Working with animals is both amazing and frustrating. If you’re a landscape photographer, you have all the time in the world – you walk around, pick a good spot, wait for the magic light, and click. And if the weather does not cooperate, you return the next day – the landscape will still be there. With wildlife it’s completely different. I have no influence over my subject, all I can do is wait and hope for the best. When the light is perfect, the animal doesn’t show up, or when the animal is doing something amazing, it’s usually too dark, facing away from the camera, or hiding behind a tree. It’s very rare to get everything just perfect. And that’s exactly what makes it so addictive – there is always room for improvement and you never know what you’re going to get. It’s the anticipation. You’re looking at a scene, you see the light is perfect, you’ve already figured out the composition, the animal is walking into the right direction, and you’re hoping for those few extra steps to get the perfect shot. It can be really exciting. And when something interesting does happen, it’s usually over before you know it. You have to work fast, make the right decisions in a split second. It’s a lot of fun.
3. Speaking of subjects you have one of the best collections of Namibia photos I have seen. How do you continue find ways to push yourself creatively and come back with different and unique images after visiting the same place many times?

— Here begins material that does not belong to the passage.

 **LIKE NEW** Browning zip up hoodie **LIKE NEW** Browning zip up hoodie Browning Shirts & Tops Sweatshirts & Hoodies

As a nature photographer you have basically two options: you photograph an unfamiliar subject, or you photograph a familiar subject. The first option is by far the easiest – if you subject is unfamiliar, you’re bound to end up with an original photograph. The second option can be very difficult from a creative point of view, especially when you’re photographing iconic places or subjects. I really like the creative challenge that places that have been shot to death give me. You really have to push yourself to your artistic limits to come up with something that feels original, even though the subject matter really isn’t.
When I first visited Deadvlei many years ago, there were hardly any photographs of it anywhere. People could not believe these places were real – they thought it was all photoshopped. After we set up the world’s first photo tour to Namibia, things started to change. More and more photographers visited the country and photographed the same subjects that I had. Every year it became more difficult to return with something original, but every year it became more interesting for me as an artist.

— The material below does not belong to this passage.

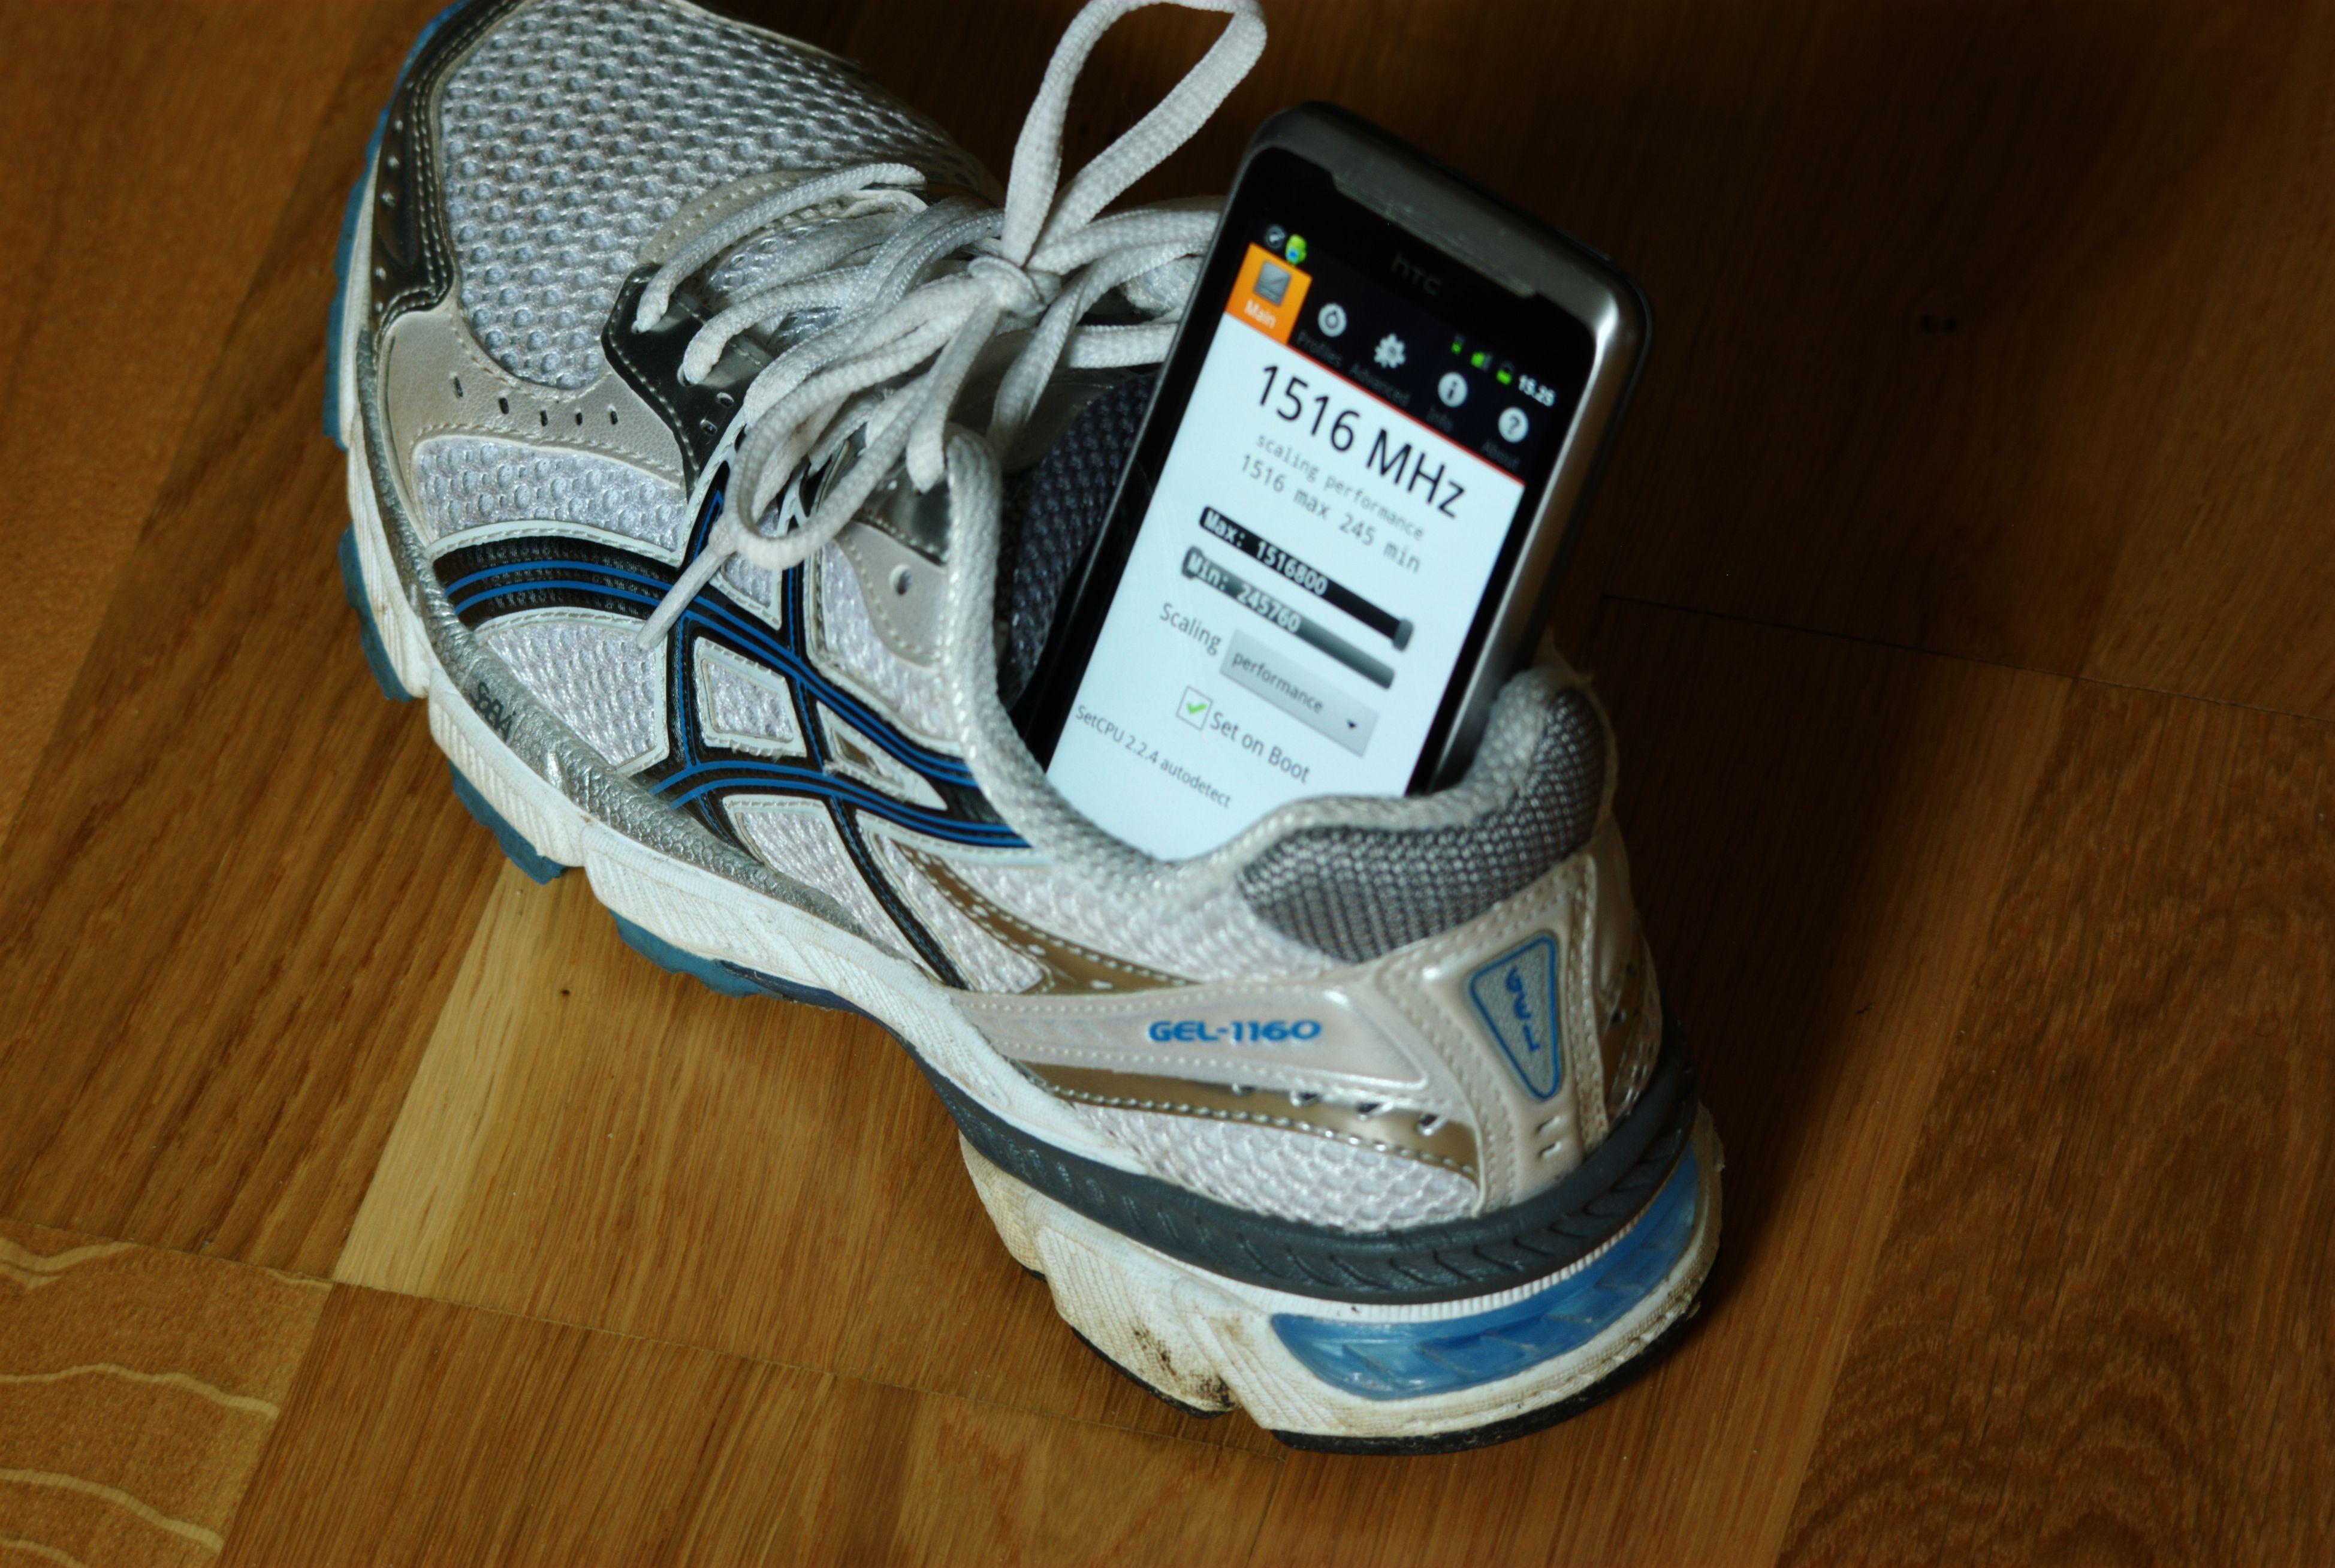 Rooting kan gi deg en raskere mobil. Har du en eldre og treg mobil har du kanskje ikke så mye å tape? Foto: Einar Eriksen

Nobody knows these places better than I do. When I see a photograph taken in Deadvlei for instance, I can show you on Google Earth which trees they are exactly, and at what time of the day the shot was taken – it’s pretty scary. I like visiting a place multiple times, you have to get to know a location to be able to fully understand the creative potential. But the most important thing you have to do is: think. Most of the photographs that I shoot in Namibia I have already pre-visualized at home. I don’t want to waste time walking around, thinking about what I’m going to do if I already know the location. Before each visit, I analyze the shots that I’ve taken there on previous visits, and decide what can be improved upon, or I try to come up with something that’s never been done there before. That’s how I decided to create the first time-lapse from Namibia that was shot entirely at night. Later this year we will visit Namibia probably for the 20th time or so, and I’m still looking forward to it again.
4. If you had to pick your three favorite images, what are they and why? (they are the three in this post)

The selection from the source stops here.